#### [EXERCISE OBJECTIVE]
Restate word for word the lines below that run from the one holding "Claudio - Claudio" through the one holding "[삼성전자] DDR4 8GB", inclusive. Pictures don't belong in the copy.

#### [DATA FOR THE TASK]
---+---

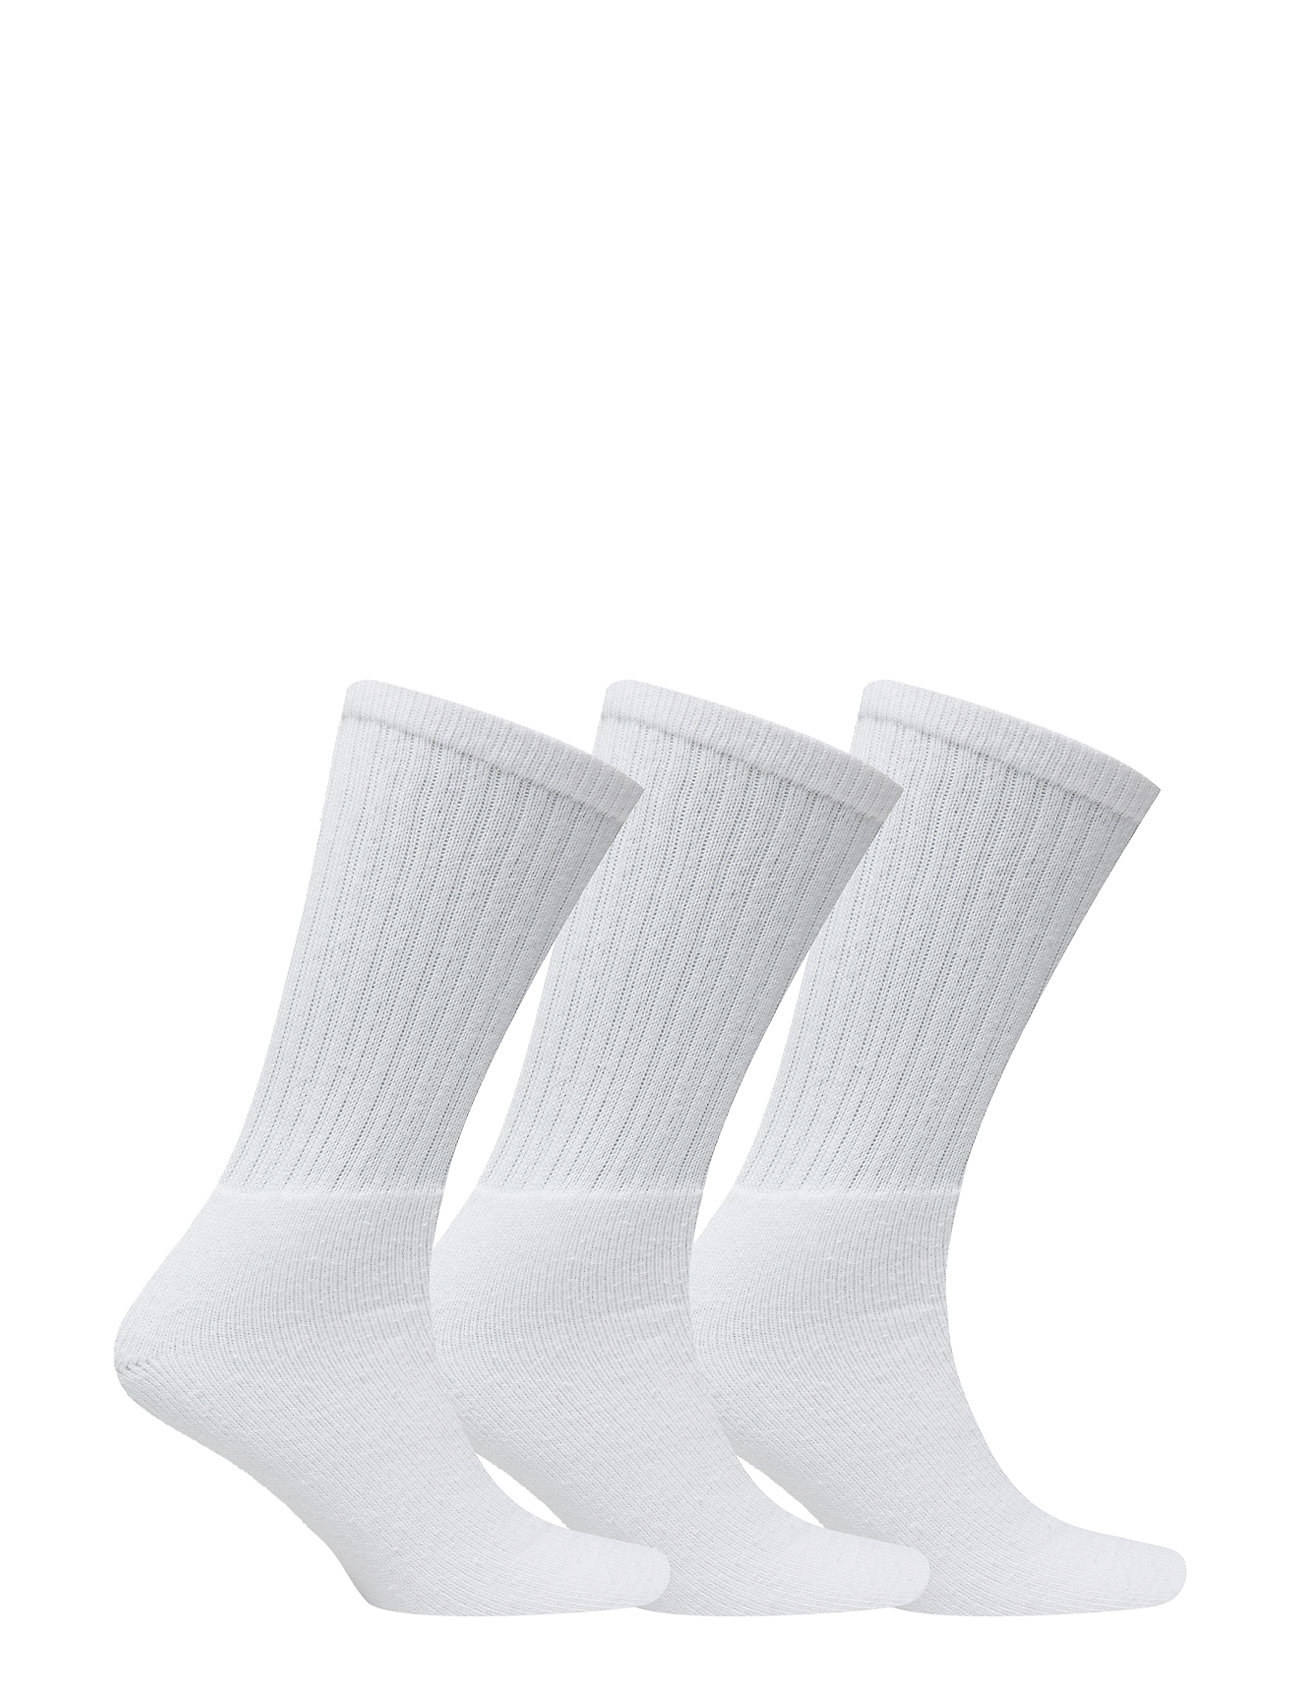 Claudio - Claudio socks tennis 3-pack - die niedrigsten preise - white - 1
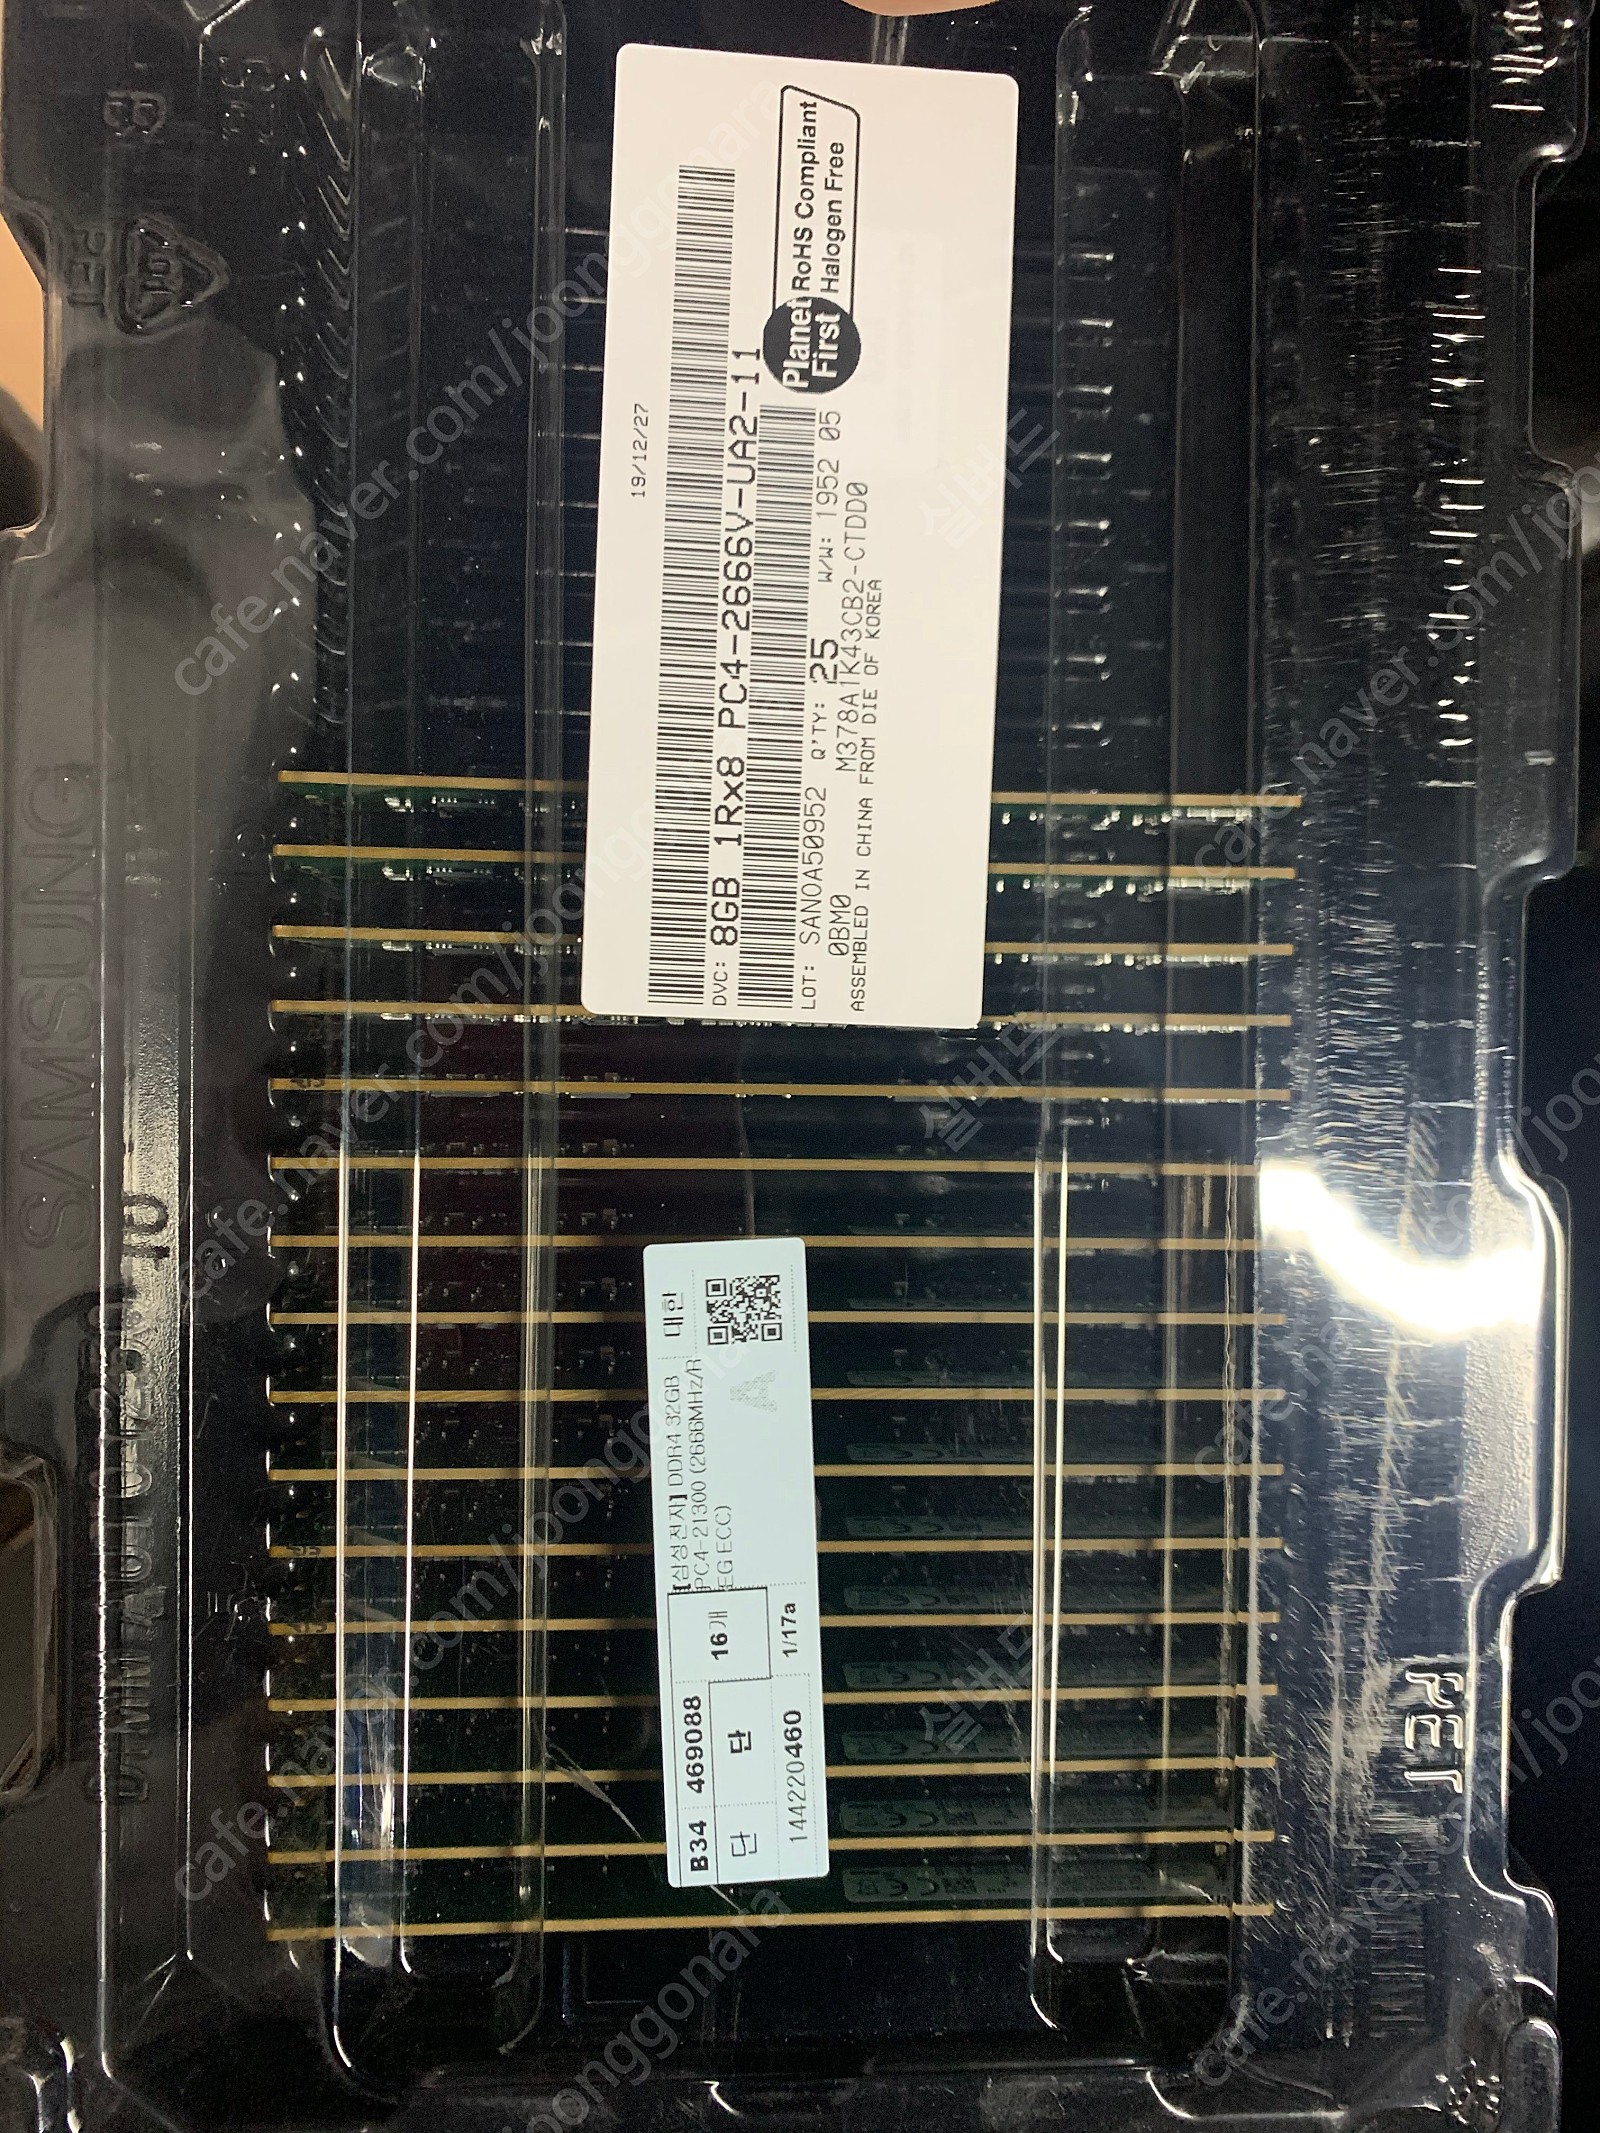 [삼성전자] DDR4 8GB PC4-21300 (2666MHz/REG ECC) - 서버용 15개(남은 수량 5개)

---+---

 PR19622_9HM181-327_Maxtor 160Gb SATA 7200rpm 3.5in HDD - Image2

---+---

#### [TASK ANSWER]
 Claudio - Claudio socks tennis 3-pack - die niedrigsten preise - white - 1
 [삼성전자] DDR4 8GB PC4-21300 (2666MHz/REG ECC) - 서버용 15개(남은 수량 5개)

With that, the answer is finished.